The merger will create a company with a sizeable customer base - today, both companies have almost 350 customers between them - and that offers a broad portfolio of services.

"Tech Mahindra in a lot of ways was dependent only on telecoms customers," Gurnani said, adding "for Tech Mahindra, it's a unique opportunity to double its revenue".

But even combined, Tech Mahindra and Mahindra Satyam still have gaps in expertise, Stormonth said.

"TechMahindra simply does not have the experience to handle many large accounts, and lacks industry domain expertise outside telecoms," she said.

"Satyam had industry-specific capabilities in manufacturing. Like telecoms, [it is] not the strongest vertical at the moment."

Stormonth highlighted the financial services sector as an area where Mahindra Satyam is "relatively weak", adding "there are some niche areas of IP, but with no clients".

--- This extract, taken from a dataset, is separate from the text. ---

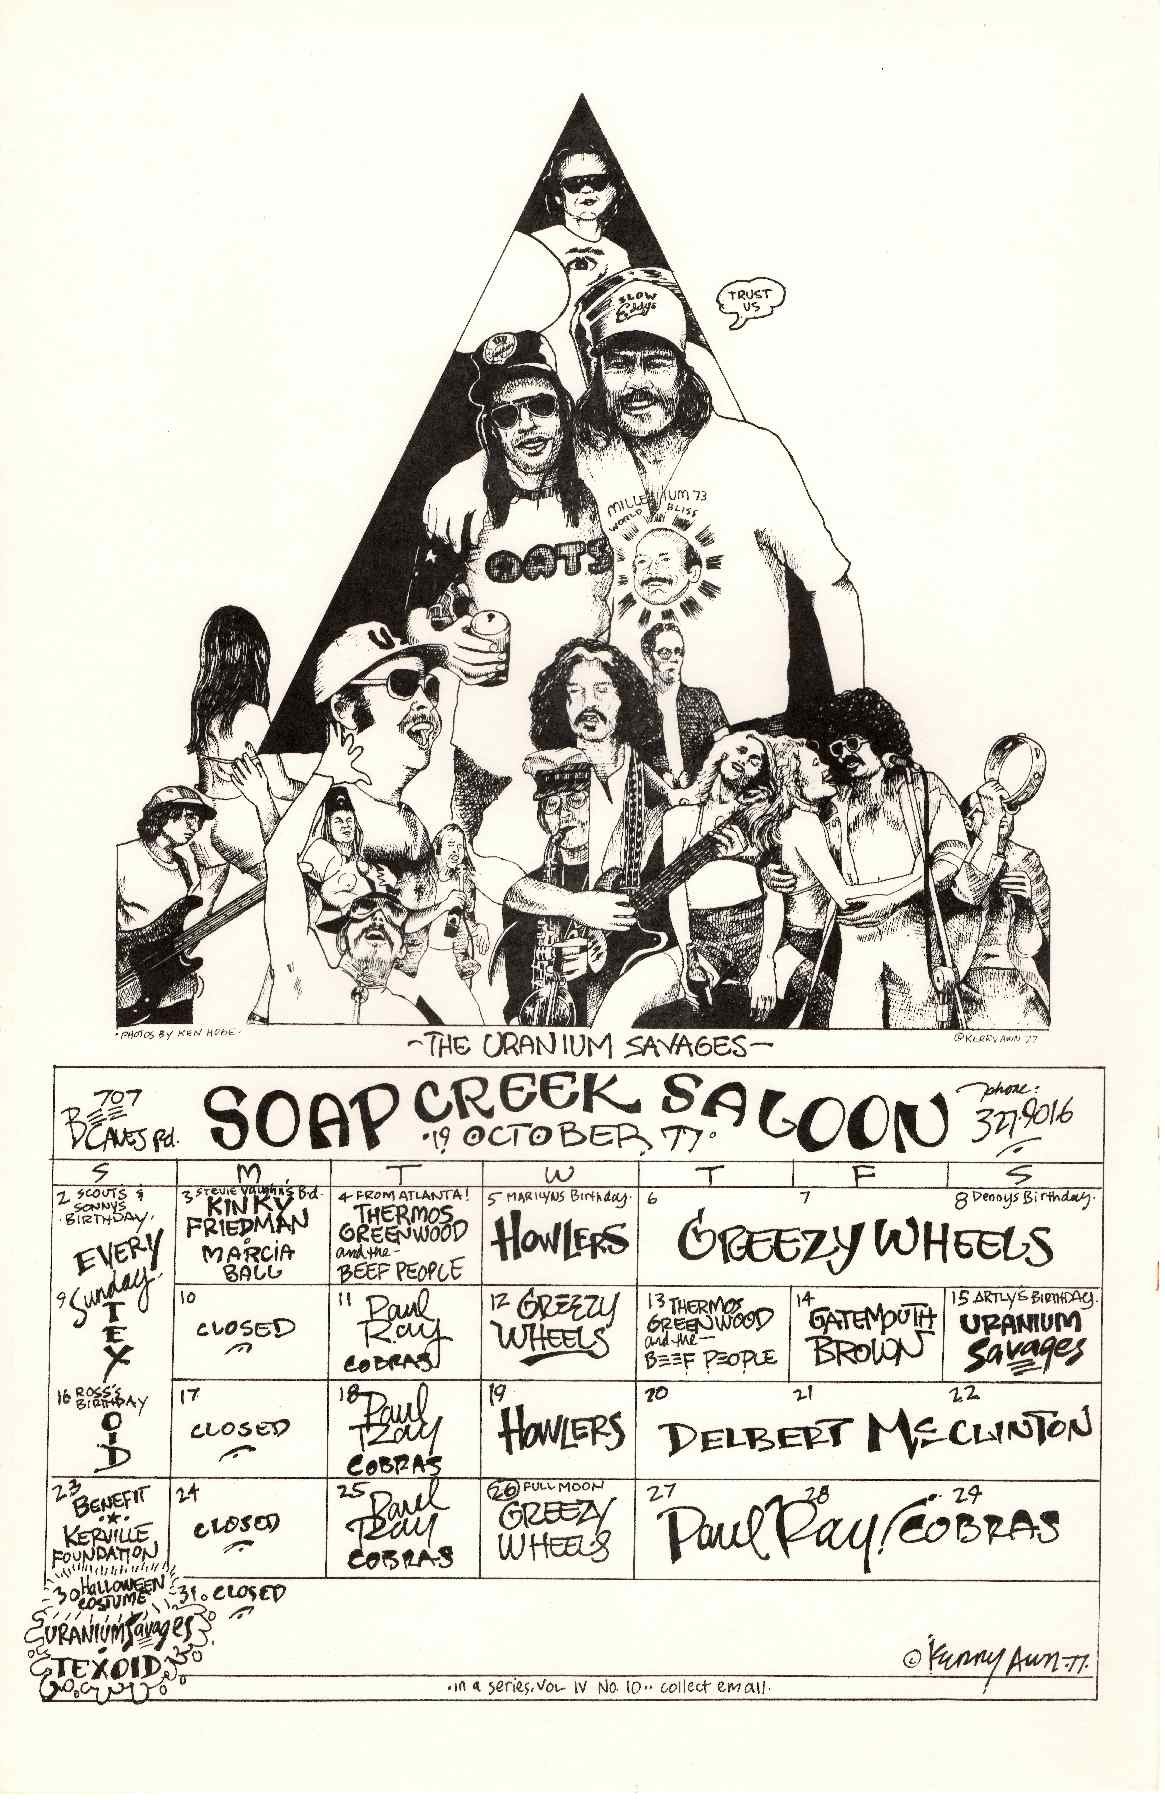 1977.10.October Calendar.Soap Creek Saloon.Awn.JPG

Stormonth also has concerns about what she said is the company's failure to carry out a promised "major investment" in its BPO capabilities, and highlighted the fact that Mahindra Satyam's BPO operation "is still loss-making".

However, in spite of doubts from some industry analysts, Gurnani remains optimistic about the company's prospects.

"We will definitely surpass the number-four spot. I am looking at five years [to achieve that]. Through both organic and inorganic growth we will be a significant player in the market," he said.